SAP completed its acquisition of Reltio in May 2026. Reltio remains a distinct MDM platform while also becoming part of SAP's wider data and AI direction.

Buyers comparing Reltio and CluedIn should test how agents participate in the specific MDM operating model: whether they continuously own defined master-data outcomes, which changes they can perform, and how approvals, explanations and reversal are handled.

3. Informatica: suite-wide intelligence and agentic automation

Informatica combines several relevant capabilities through its Intelligent Data Management Cloud.

The CLAIRE AI engine uses enterprise metadata as an intelligence layer. Informatica describes CLAIRE as capable of creating knowledge-graph context by identifying relationships across metadata, data assets, master data, schemas, transactions and other parts of the enterprise estate.

Informatica has also expanded CLAIRE beyond conversational assistance. Its agents can plan and perform multi-step data-management tasks, with specialised capabilities supporting data quality, discovery, ingestion, lineage and MDM use cases.

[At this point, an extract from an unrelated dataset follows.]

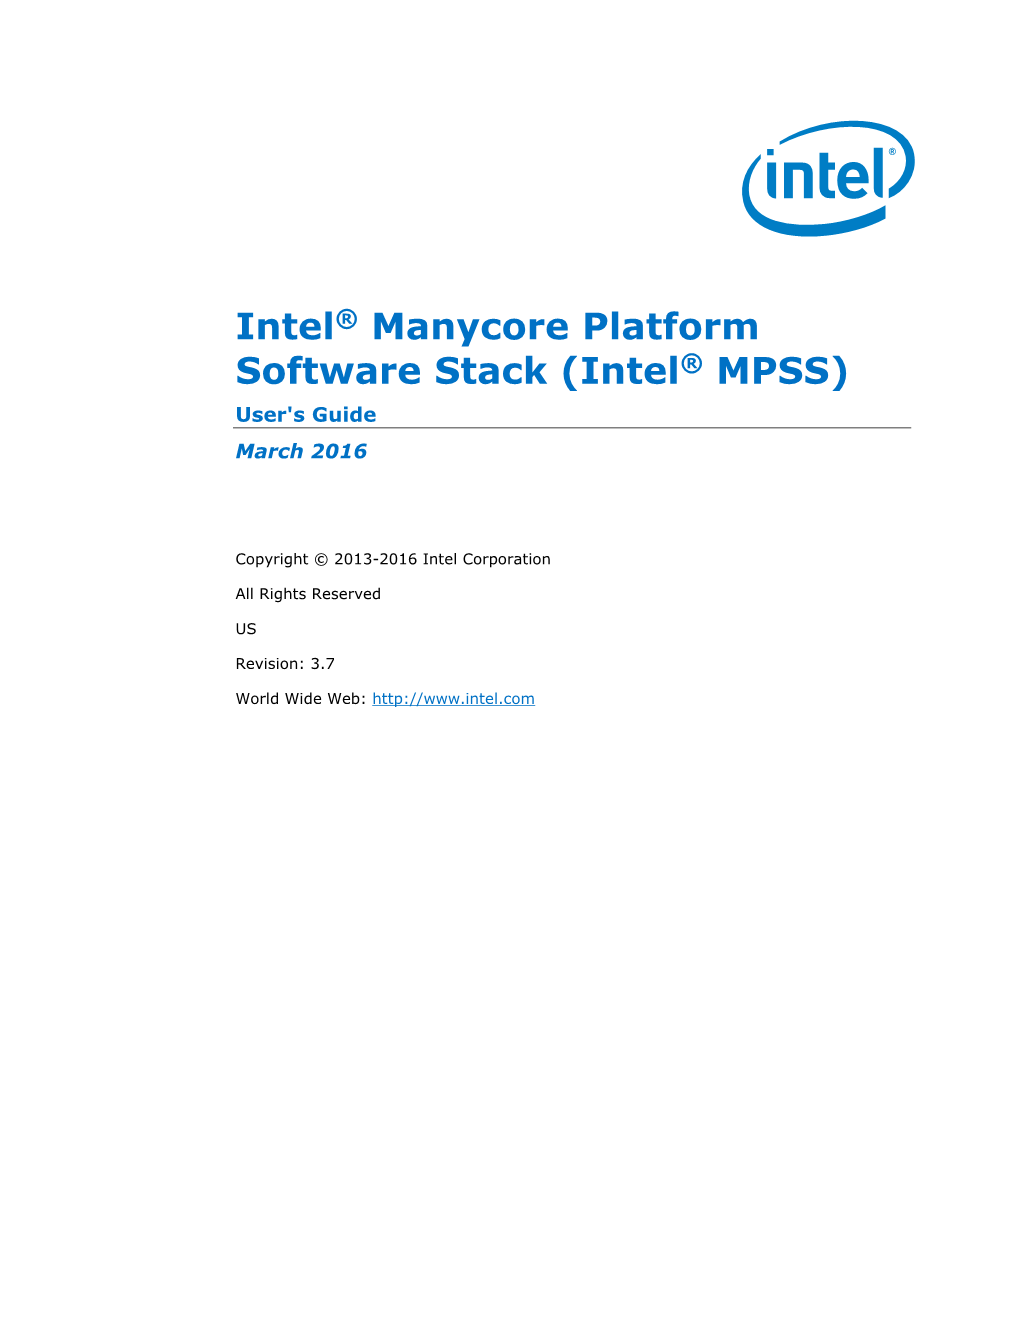 Intel® Manycore Platform Software Stack (Intel® MPSS) User's Guide March 2016

Informatica is likely to be most attractive when an enterprise:

  • Already uses Informatica extensively
  • Wants one broad suite for integration, quality, catalogue, governance and MDM
  • Needs metadata intelligence across a large data estate
  • Values suite standardisation over a more specialised MDM operating model
  • Has the resources to implement and govern a broad enterprise platform

The main architectural distinction is that Informatica's knowledge-graph and agent capabilities operate across a broad data-management cloud. Buyers should establish how much of that intelligence is directly embedded in the runtime management of mastered entities rather than supplied through a wider metadata and platform layer.

4. Tamr: AI-native mastering and entity resolution

Tamr positions its platform as AI-native MDM.

Its approach combines machine learning, AI agents and human feedback to unify, clean, enrich and maintain enterprise records. Tamr also identifies enterprise knowledge graphs as a core capability, connecting mastered entities across domains such as organisations, people, products and locations.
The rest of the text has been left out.